Explained_variance_score by Linear Regression Machine-Learning Model:- 0.6951152537006628 Mean_absolute_error by by Linear Regression Machine-Learning Model:- 123998.57212893506 Rootmean_squared_errorby by Linear Regression Machine-Learning Model:- 201080.55278529544

So,the overall performance of deep-learning model looks better since it's variance score is close to 0.73 while variance score of linear regression model is 0.7 and that is because of the hidden-layers role,adam optimizer in order to update weights and learning rate. Also losses error function is less in case of deep-learning model which makes it suitable for use. Keep in mind we have to do proper scaling of features along with drop-out and early stage so as to avoid data-leakage and over-fitting in our result.For verification, we can also R2_score.

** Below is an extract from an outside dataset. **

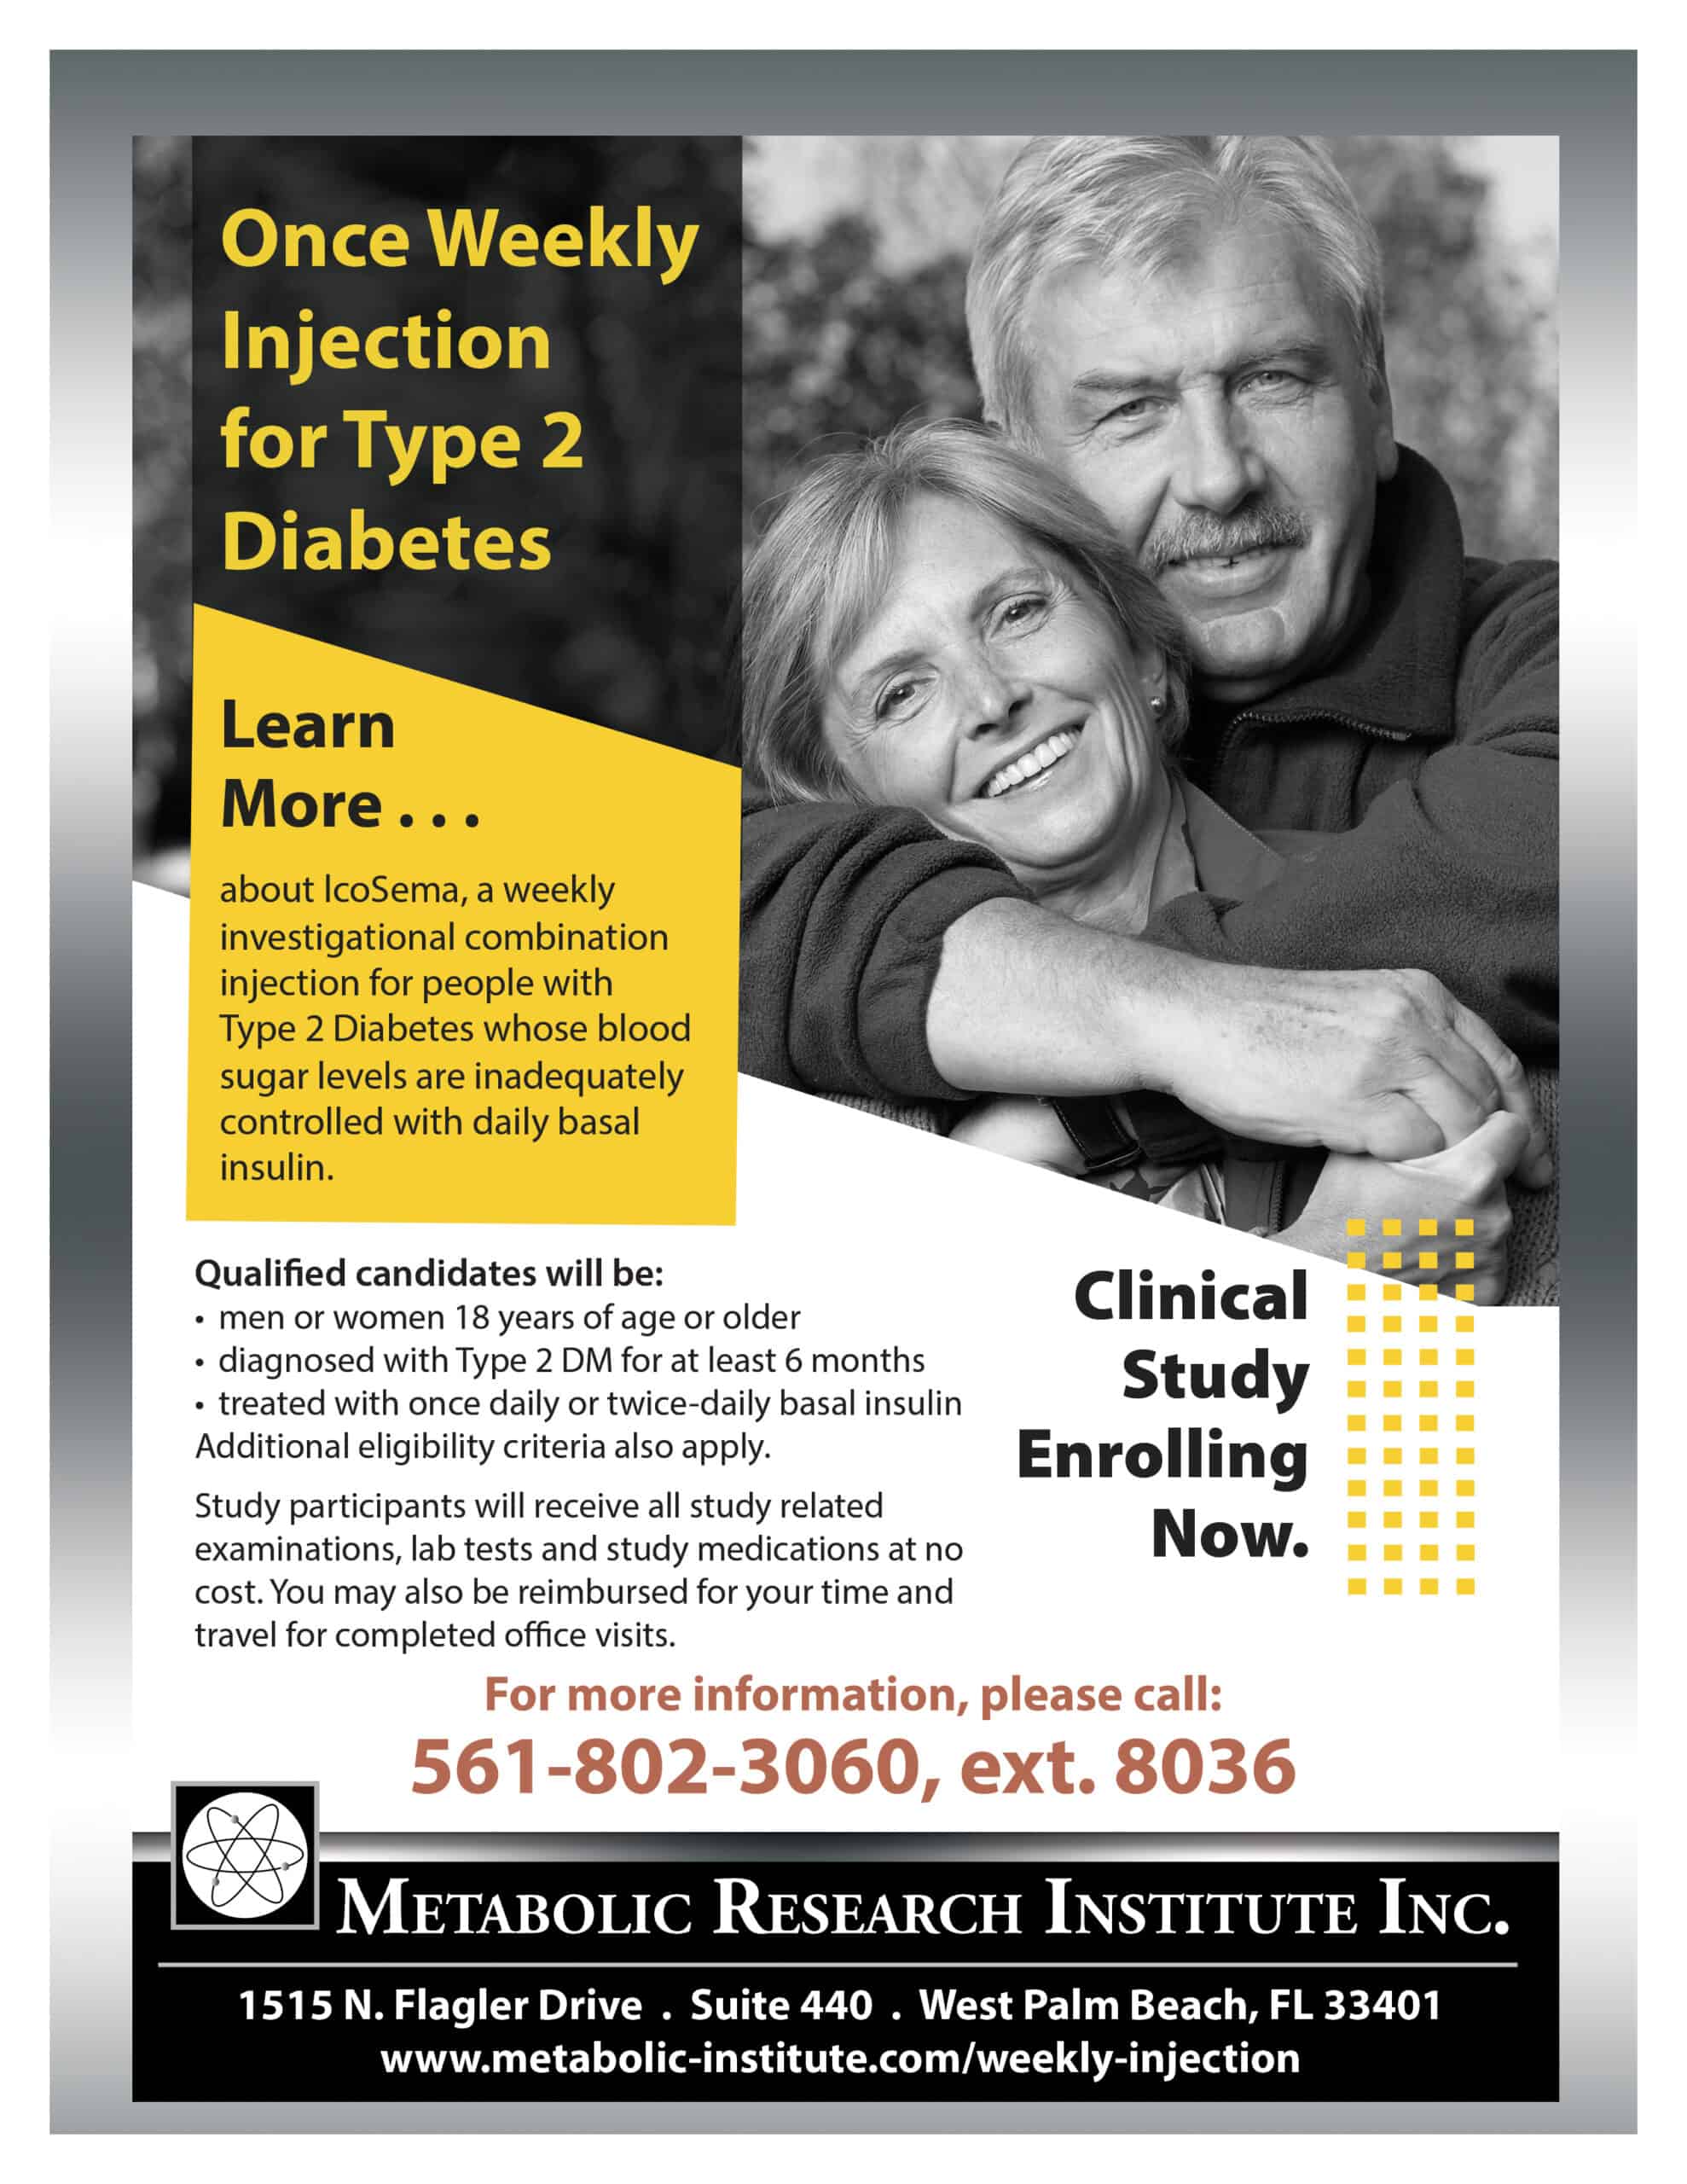 Once weekly insulin for Type 2 Diabetes clinical Study flyer

Results Obtained for DataSet2:- Price Predicted for a new household by Deep-Learning Model:- 1258693.8$ Price Predicted for a new household by Linear Regression Machine-Learning Model:- 1225941.63882637$ True-Price of a Household:- 1059033.5578701235$

Explained_variance_score by Deep-Learning Model:- 0.8736528317018113 Mean_absolute_error by Deep-Learning Model:- 101834.50999175698 Rootmean_squared_errorby Deep-Learning Model:- 127143.77013354731

Explained_variance_score by Linear Regression Machine-Learning Model:- 0.9178179926151777 Mean_absolute_error by by Linear Regression Machine-Learning Model:- 82288.22251914963 Rootmean_squared_errorby by Linear Regression Machine-Learning Model:- 102278.82922291271

So, the overall performance of the linear regression model looks better since its variance score is close to 0.92 while the variance score of the deep-learning model is 0.87 and that is because of the number of features involved in deciding the price of a house is less as compared to the previous dataset. And the true price is nearer to both the values predicted by the following models, so in this particular case, one can use any of the models. For verification, we can also R2_score.